Brazil is the only country that does not depend on imported Gasoline for their cars. The same Bioethanol can also be derived from Corn starch. But the starch should first be converted into sugar before alcohol is derived; that is why it is more expensive to produce Bioethanol from starch than from cane sugar molasses. The climatic conditions of Brazil are more favorable for growing Cane sugar than corn. That is why Brazil is in a more advantageous position than North America, when it comes to Bioethanol. US is one of the largest consumer of Gasoline.US has imported 11.5 million barrels/day of oil in 2010.It has used 138.5 billion gallons of Gasoline (3.30billion barrels) in 2010) according to EIA. (US Energy Information Administration)

It is estimated that Brazil’s sugar based Alcohol is 30% cheaper than US’s corn-based Alcohol. Brazil has successfully substituted Gasoline with locally produced alcohol .They also introduced ‘flexible fuel vehicles’ that can use various blends of Alcohol-Gasoline. Most of the Gasoline used in US has 10% Ethanol blend called E10 and E15, representing the percentage of Alcohol content in Gasoline. Brazil is the largest producers of Bioethanol in the world. Both Brazil and US account for 87.8% of Bioethanol production in the world in 2010 and 87.1% in 2011.Brazil is using Bioethanol blends of various proportions such as E20/E25/E100 (anhydrous alcohol) (Ref: Wikipedia). Almost all cars in Brazil uses Bioethanol blended Gasoline and even 100% anhydrous Bioethanol are used for cars. Brazil has set an example as a ‘sustainable economy introducing alternative fuel’ to the rest of the world. The ‘bagasse’ from cane sugar is also used as a fuel as well in the production of ‘Biogas’, which helps Brazil to meet sustainability on renewable energy and greenhouse gas mitigation.

The above example is a clear demonstration of sustainability because natural organic material such as sugar is the basic building block by which we can build our Sustainable clean energy of the future.

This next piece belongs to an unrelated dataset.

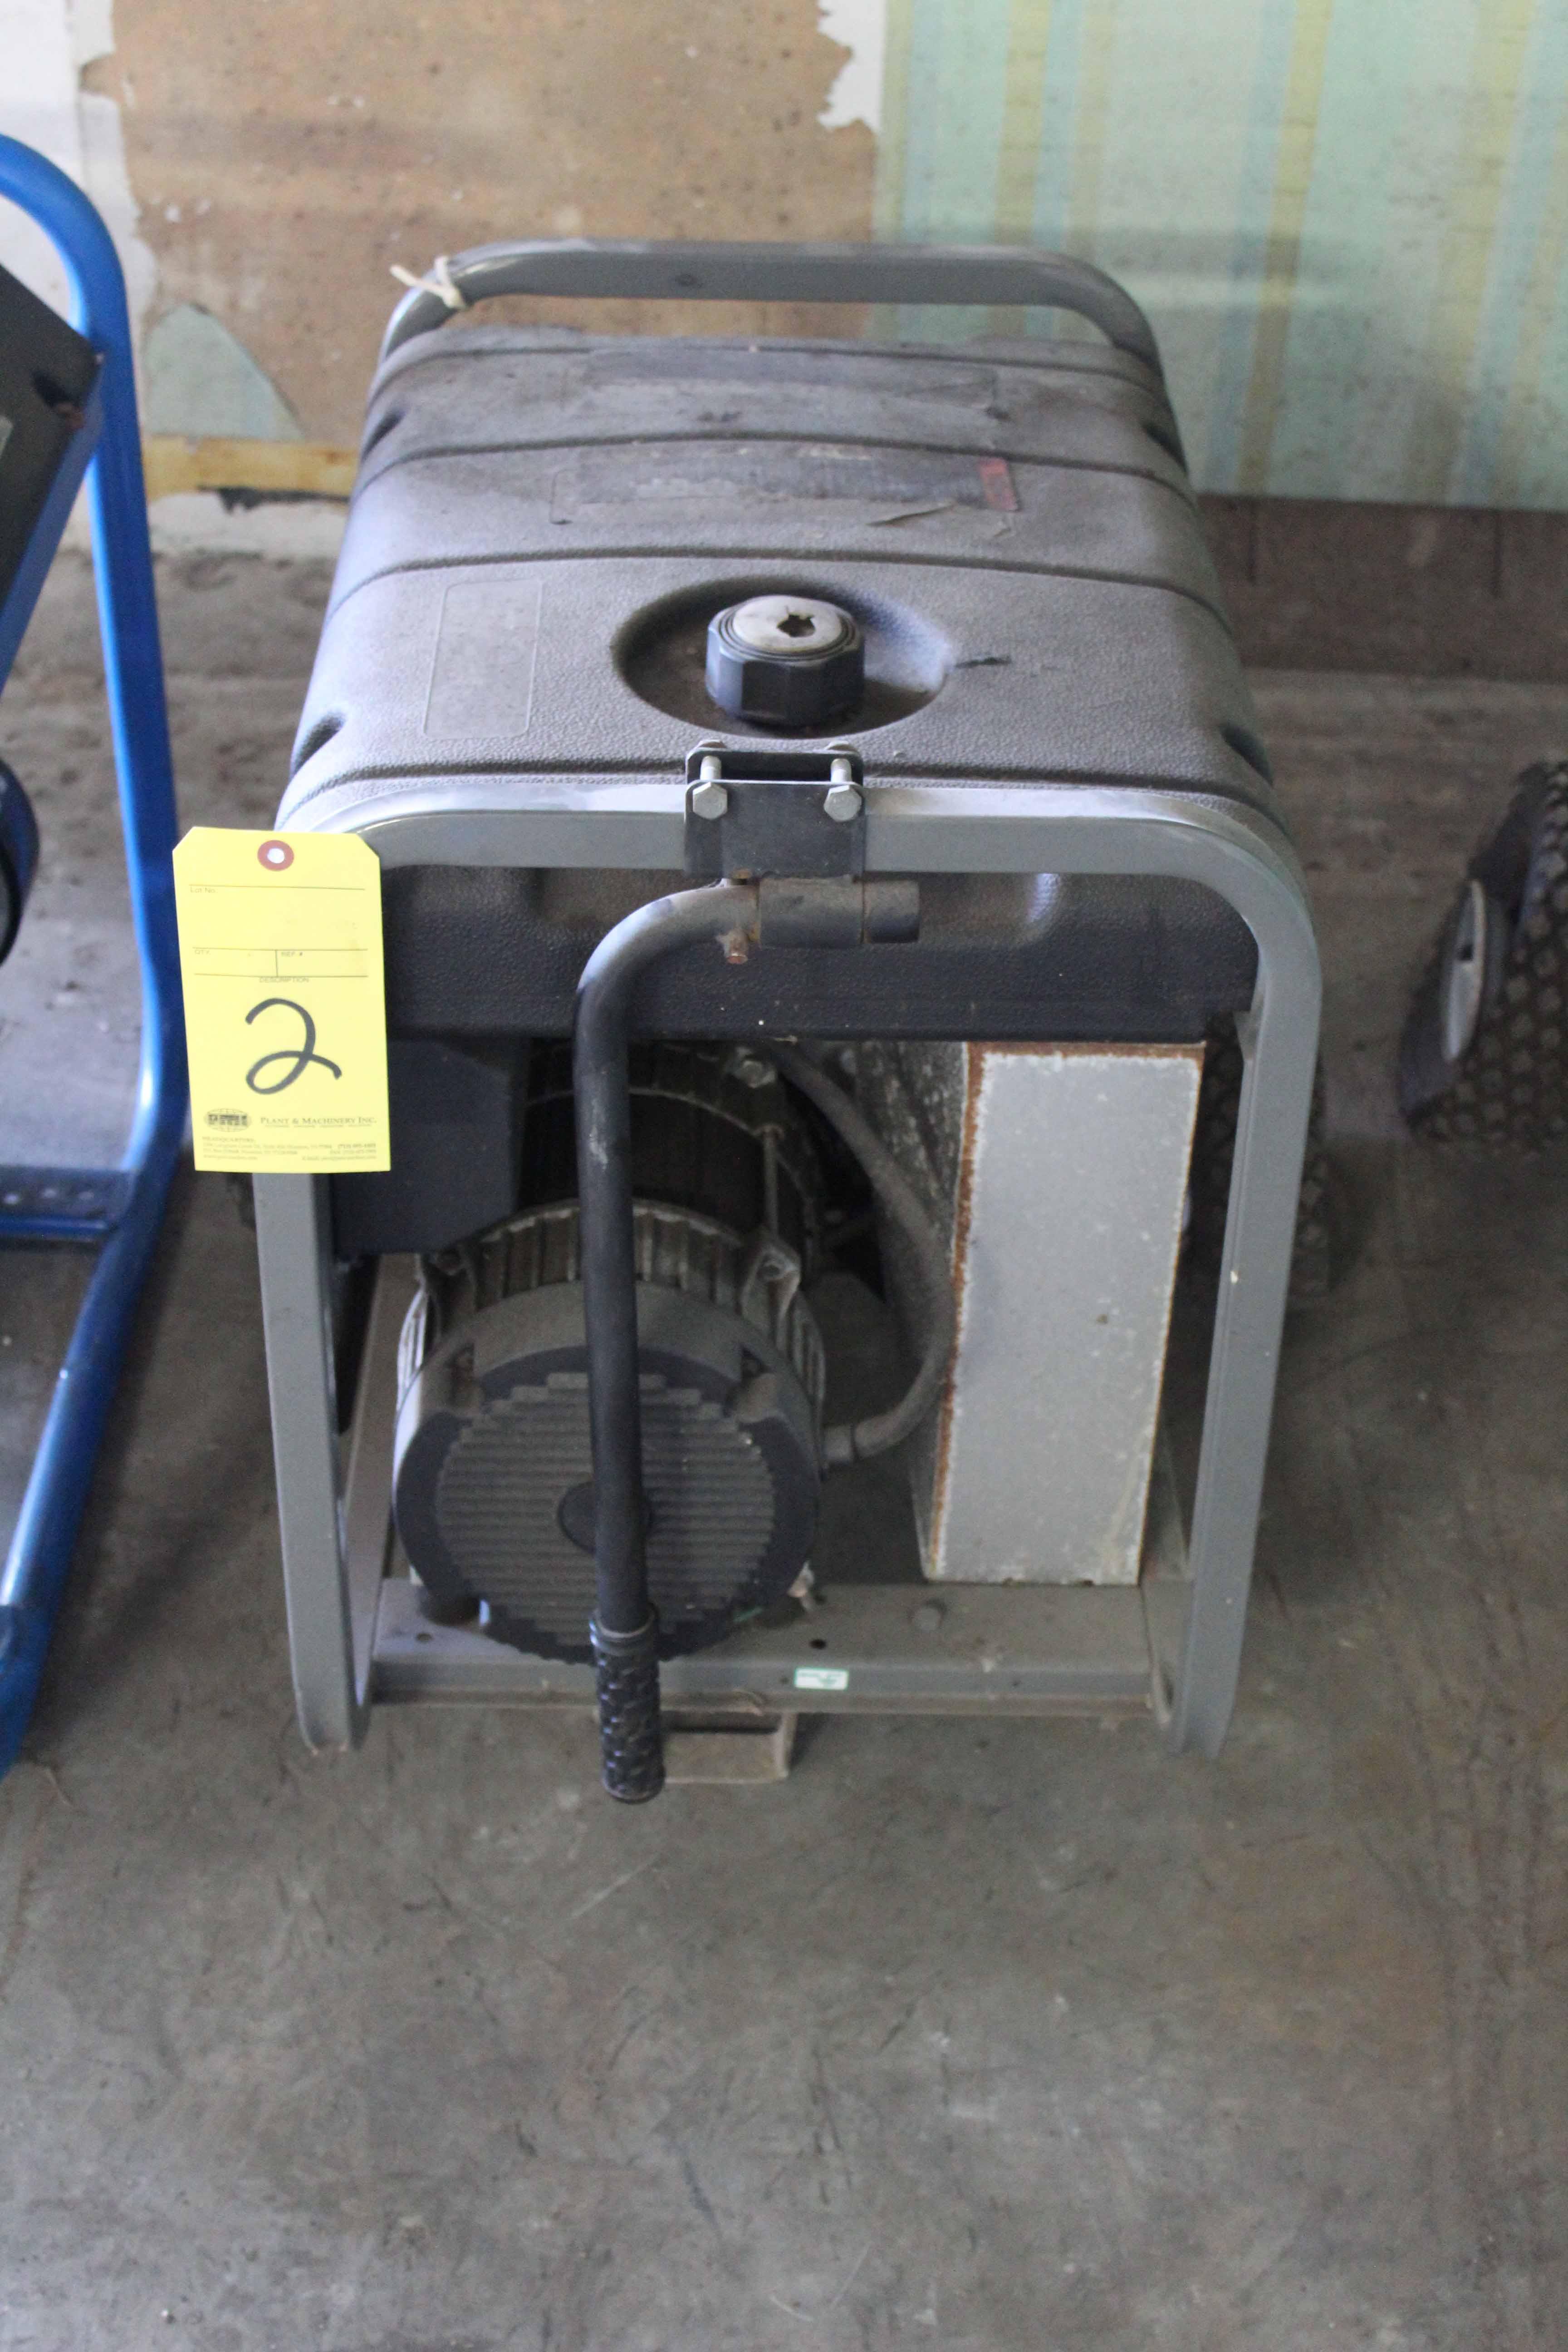 Lot 2 - PORTABLE GENERATOR, BRIGGS & STRATTON, 5,550 watt, gasoline pwrd.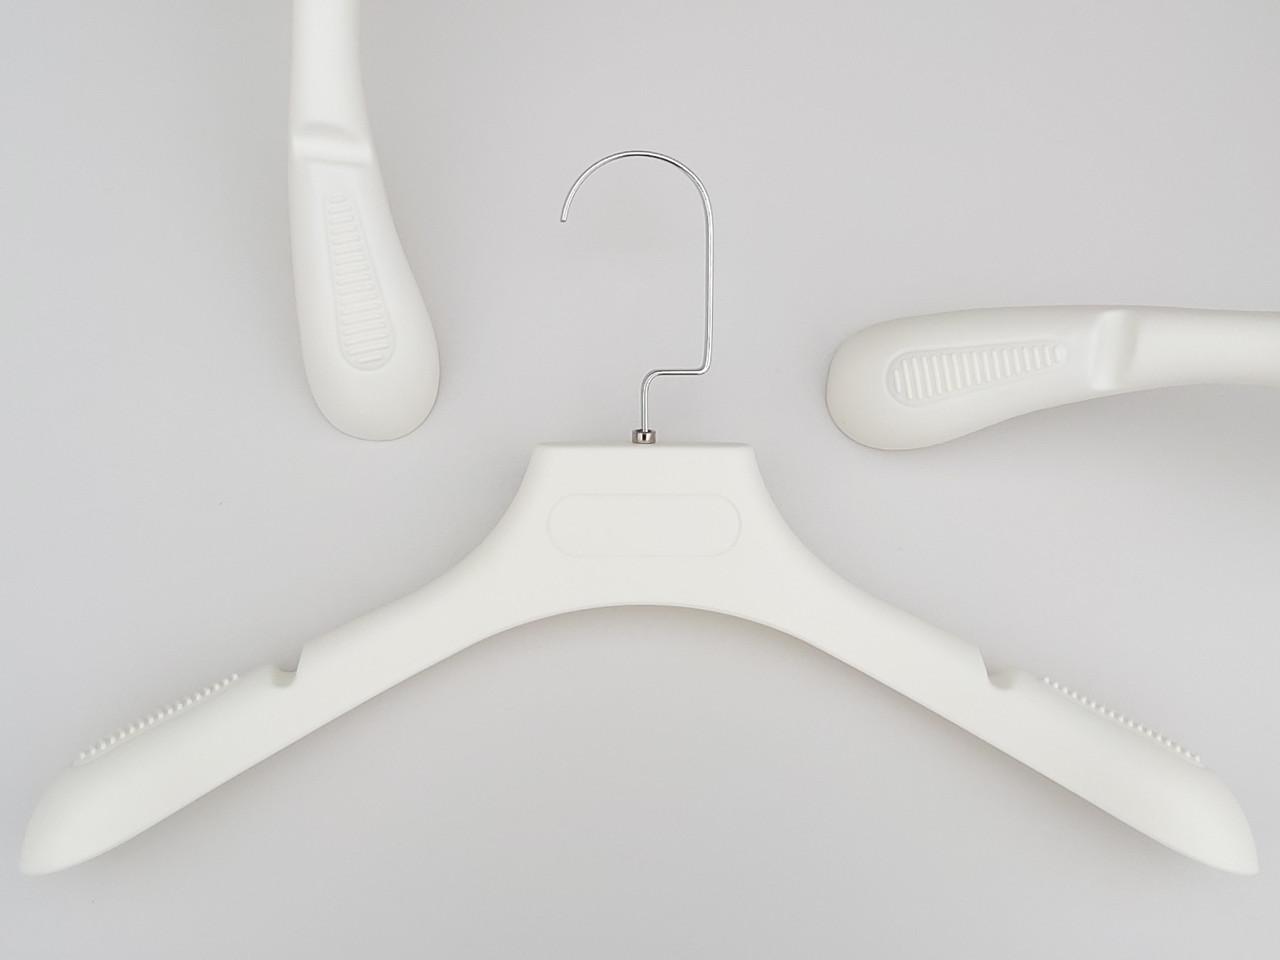 Плечики вешалки тремпеля TZ6681 с антискользящим ребристым плечом молочного цвета, длина 39 см

The same Bioethnanol can easily be reformed for the production of Hydrogen gas to generate power and run Fuel cell cars. Many companies are trying to use chemicals such as metal Hydrides as a source of Hydrogen. For example, one company successfully demonstrated using Sodium Borohydride for Hydrogen production. Many companies are trying to find alternative sources of Hydrogen generation from water, including Photo-electrolysis using direct solar light and special photo catalyst materials. We know Nature produces sugar by using sun’s light, water and carbon dioxide from air by photosynthetic process. Can man duplicate this natural process and generate Hydrogen at the fraction of the cost by simply using water and sun’s light? The race is already on and only time can tell whether our pursuit for cheap and clean Hydrogen can become a commercial reality or just stay as an elusive dream.